Nous partons d'une superportée à onze lignes, dans laquelle nous décidons que celle du milieu correspond au Do central.
Un rapide calcul nous permet de constater que les clés de Sol et de Fa se trouvent respectivement deux lignes plus haut et deux lignes plus bas. C'est à dire cinq notes (une quinte) plus haut et plus bas.
Par ailleurs, nous pouvons constater que cette superportée nous permet d'englober d'un coup presque quatre octaves : les quatres autour du Do central qui constituent le Registre expressif.
Or l'inconvénient est la difficulté pour repérer, dans toutes ces lignes, une note avec la précision et la rapidité nécessaire pour la lecture.
Il suffit d'effacer la ligne du milieu pour que tout devienne plus clair et retrouver ainsi un paysage qui nous est familier.
Ceci explique pourquoi les instruments graves qui jouent au-dessous du Do Central, tel que la basse, s'écrivent en clé de Fa et pourquoi les instruments aigus qui jouent au-dessus du do central s'écrivent en clé de Sol.
Dans la pratique du clavier on écarte les deux portées pour pouvoir délimiter avec plus de précision le territoire de chaque main. Et on complète avec des lignes supplémentaires.
Ce passage...
Est exactement le même que celui-ci :
Mais revenons à notre superportée de onze lignes. Si nous ajoutons deux lignes supplémentaires en haut et en bas, nous avons de Do à Do les quatre octaves de notre registre expressif.
Dans cette dernière figure on a effacé la ligne du Do central pour des raisons de clarté.
Rien n'empêche désormais que nous écrivions de la musique sur deux portées avec un simple écart d'une ligne.
Certains auteurs pour le piano l'ont compris ainsi et ils présentent cette double portée (Fa et Sol) de la manière suivante :
Pour indiquer avec cette clé d'Ut (le nom ancien du Do) l'endroit où se trouve le Do central. Car cette clé d'Ut représente justement le Do central.
Certains instruments qui n'ont pas une étendue qui exige l'écriture sur deux portées, s'écrivent sur une seule.

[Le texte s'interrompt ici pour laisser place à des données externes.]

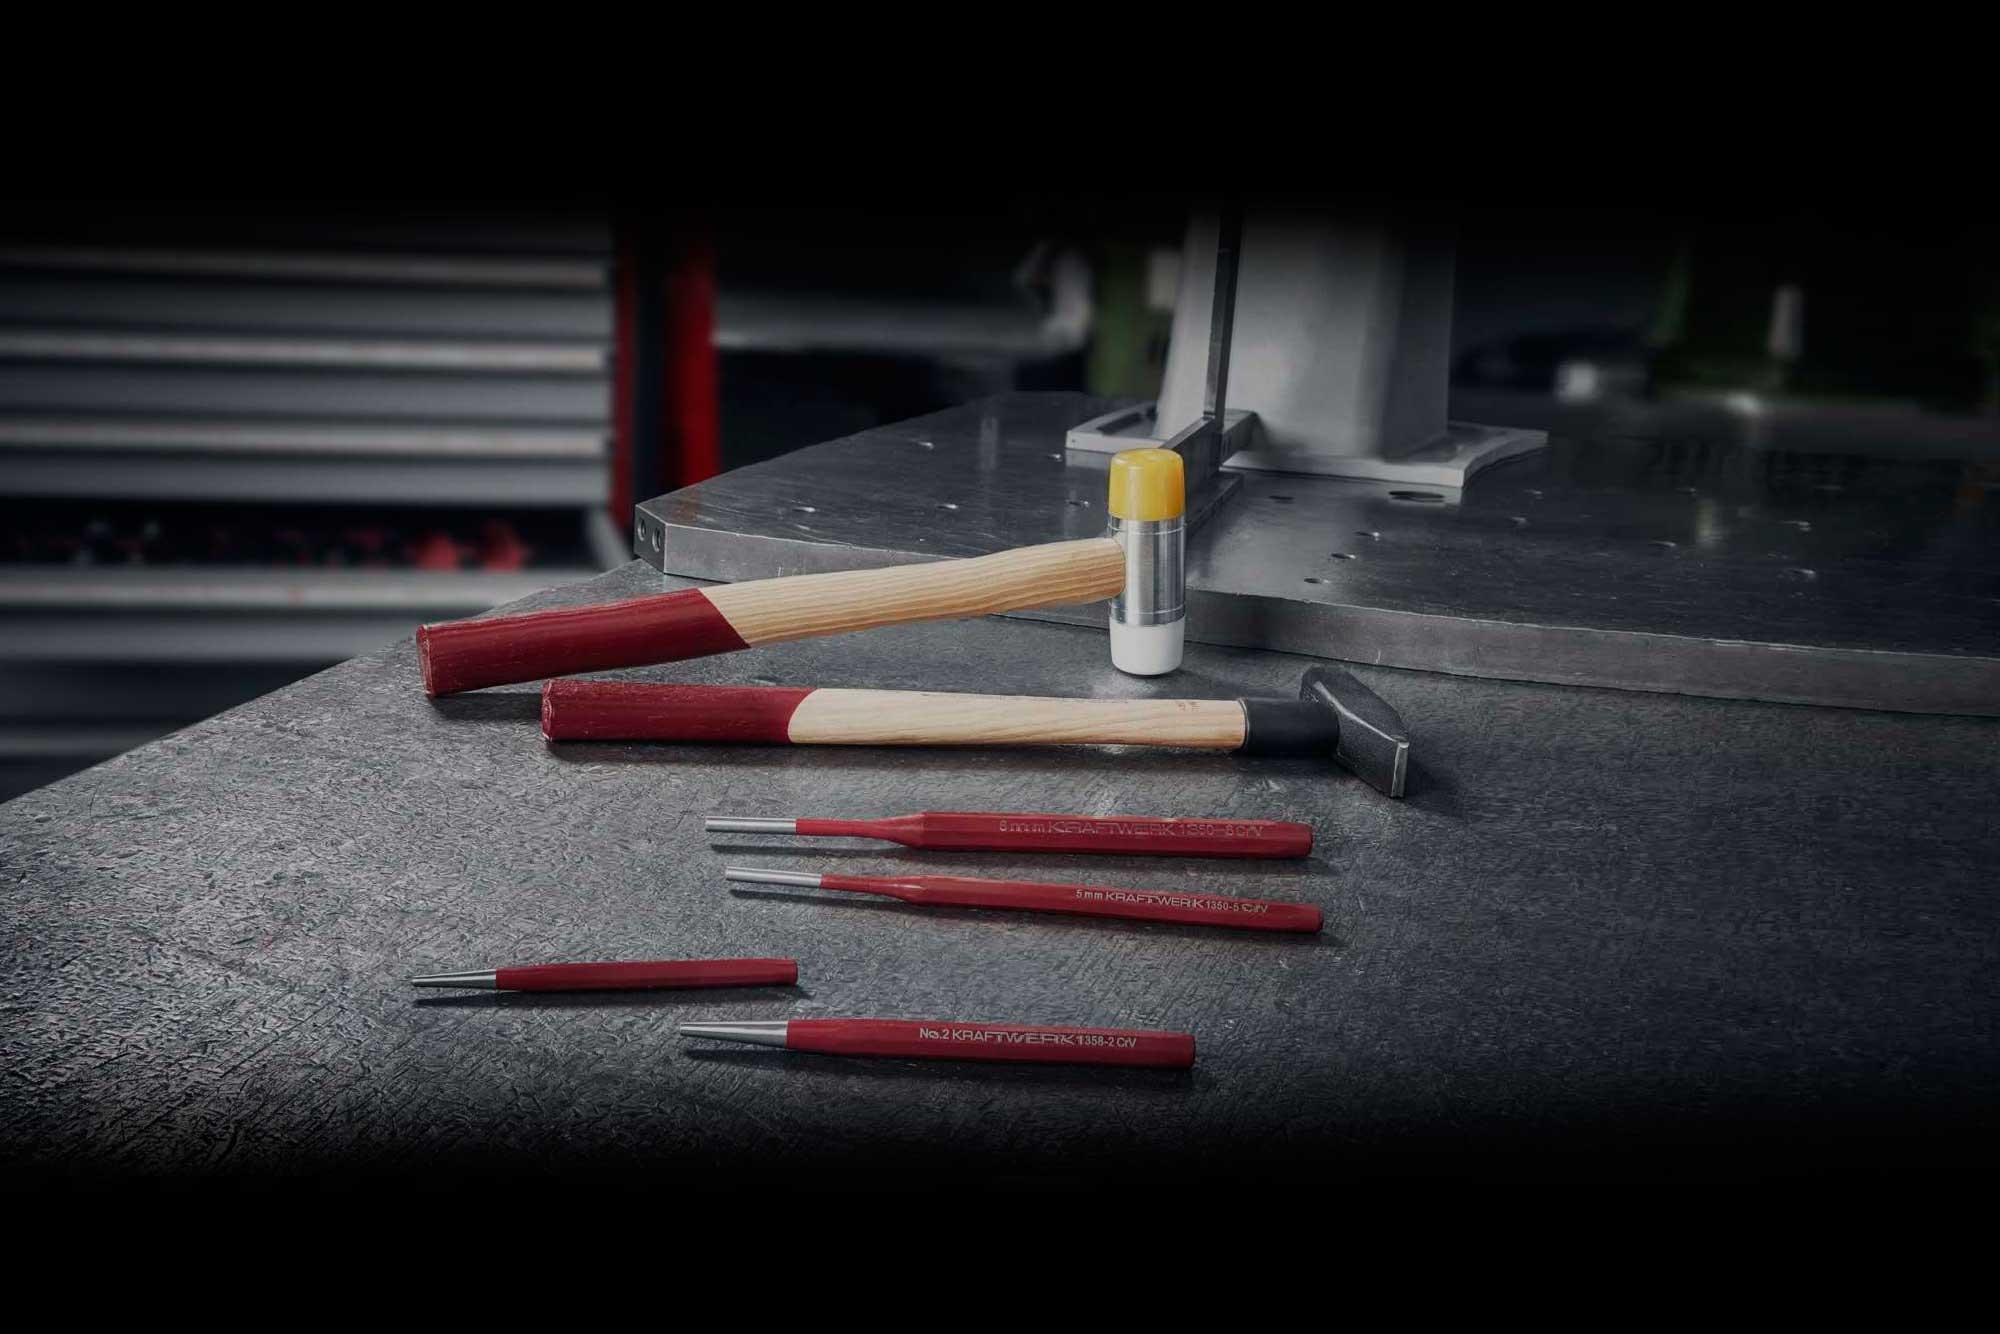 bg tienda better herramientas tools4us_01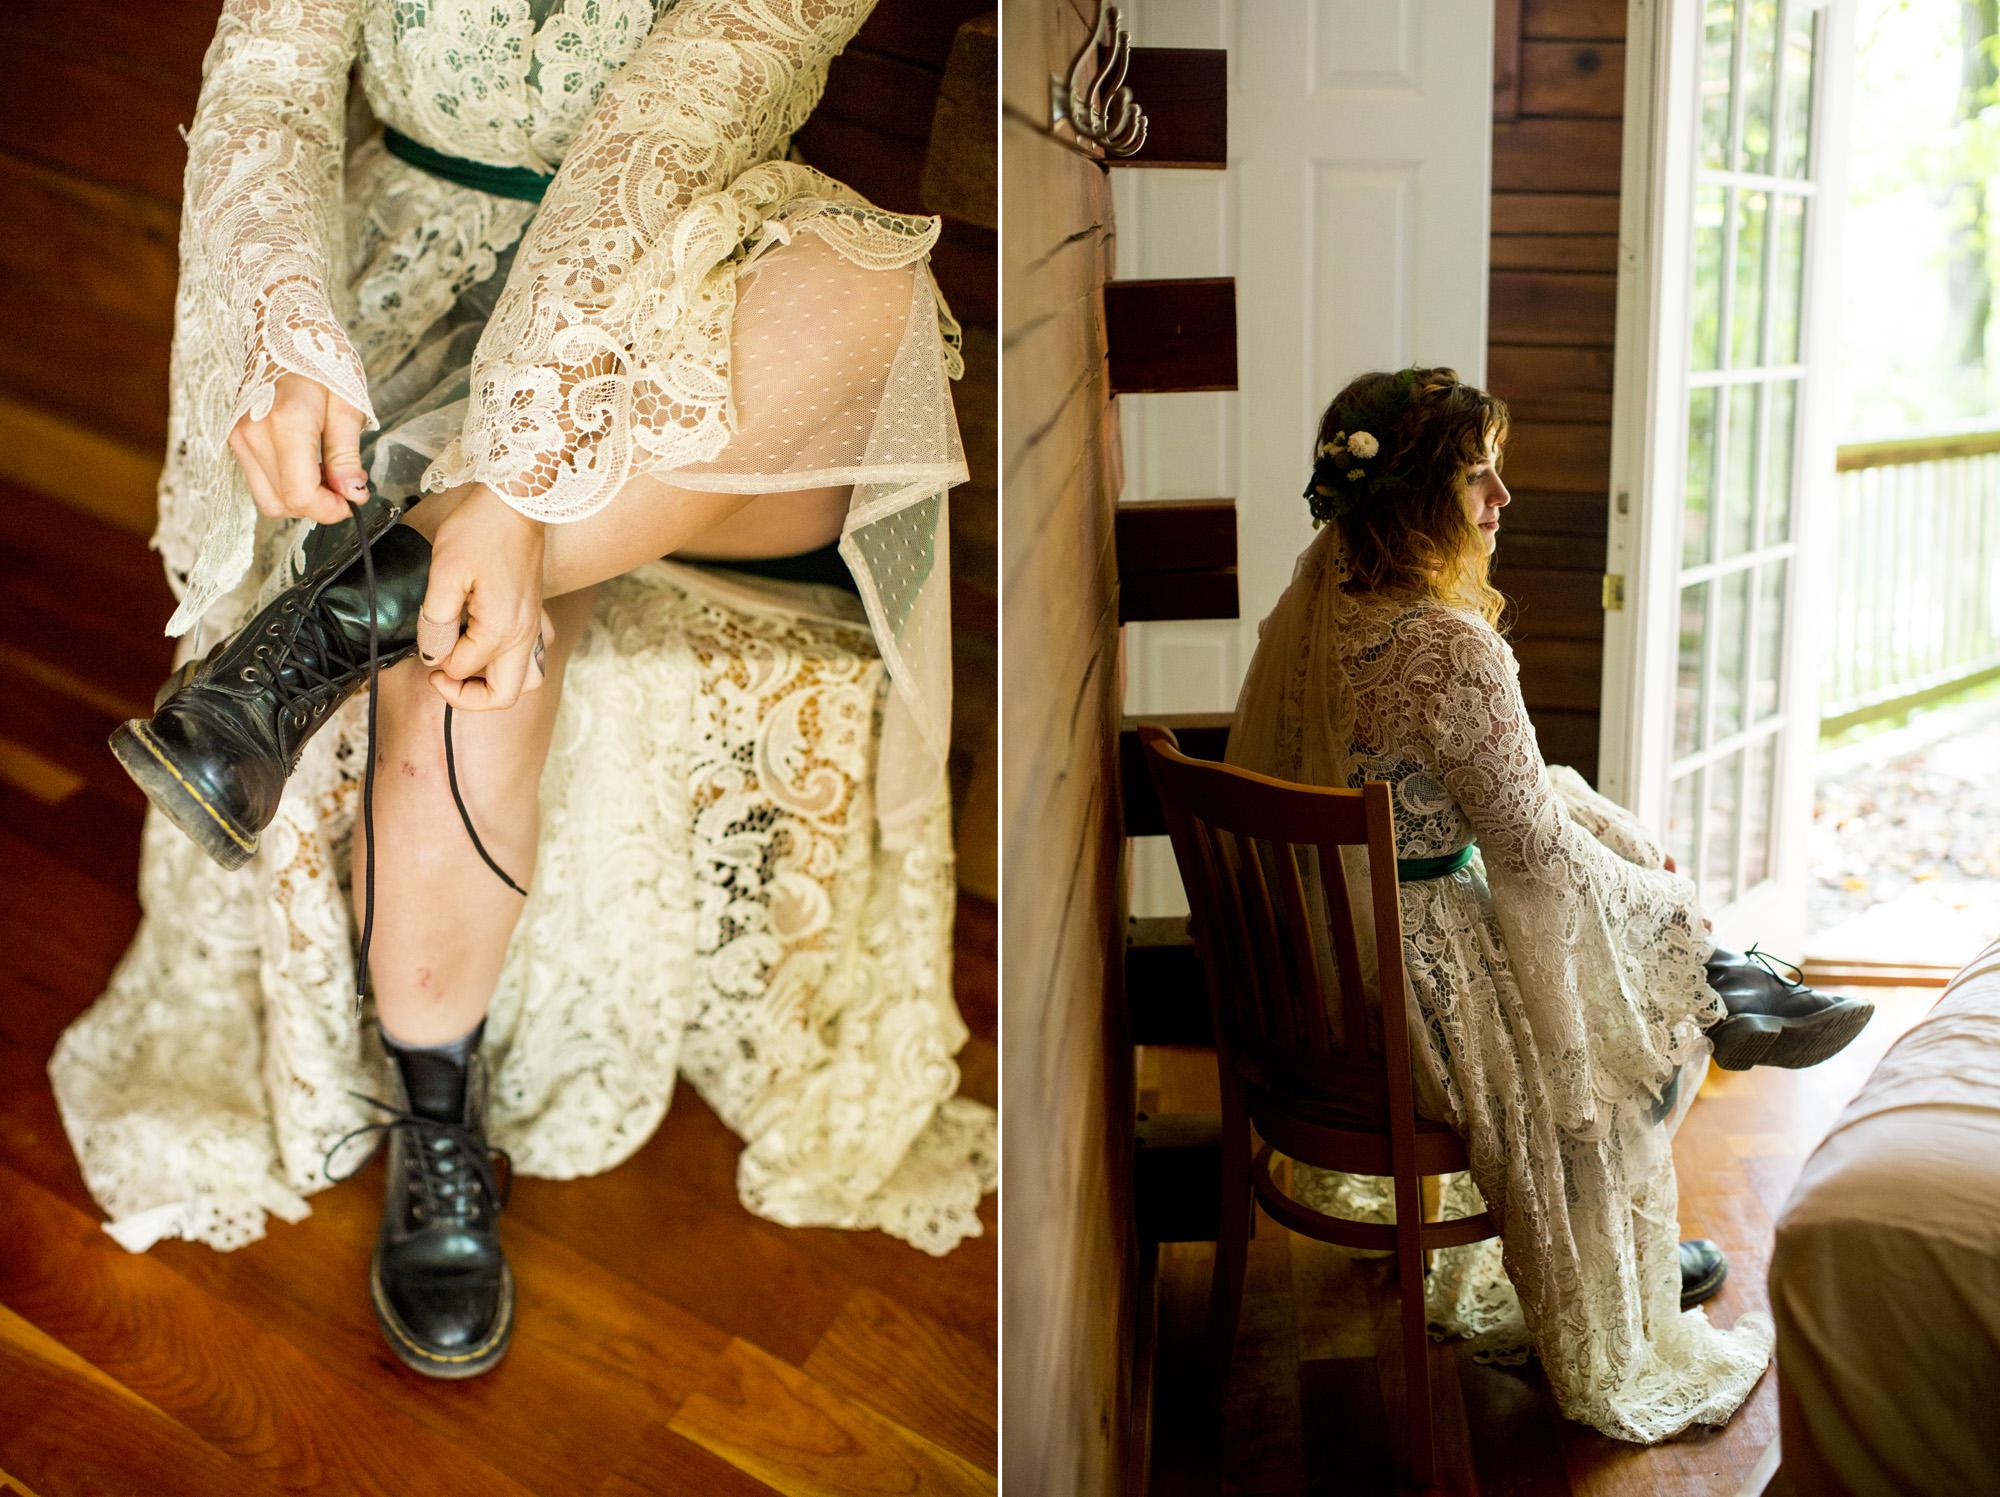 Seriously_Sabrina_Photography_Red_River_Gorge_Kentucky_Wedding_ShawnDana60.jpg

Les différentes clés (de Sol, de Fa, d'Ut en troisième ligne) ne représentent qu'une partie de la superportée à onze lignes dans laquelle on a effacé des lignes contenant des notes peu usuelles.
C'est le cas de l'Alto qui s'écrit en clé d'Ut en troisième ligne.
Dans laquelle on peut reconnaître la figure précédente avec sa ligne du Do central pleine et sans les trois lignes d'en dessus et en dessous.
Il y a d'autres clés, d'Ut en première, en seconde, en troisième (ci-dessus) et en quatrième ligne. De même il existe une clé de Fa en troisième ligne et une clé de Sol en première.
Elles sont toutes tombées en désuétude et n'ont pas d'autre utilité que de lire des partitions anciennes.
De toute façon, celui qui voudra les étudier verra leur apprentissage facilité en les imaginant à leur place dans une super portée dont on a effacé les lignes inutiles.
Pour les nécessités de notre cours et de la composition ou orchestration actuelle, seules les clés de Sol et de Fa seront nécessaires, et la clé d'Ut en troisième si on veut écrire pour l'Alto.
L'avenir est à la simplification et cela se voit de plus en plus chez les compositeurs actuels désireux de ne pas s'encombrer l'esprit et celui de leurs partenaires.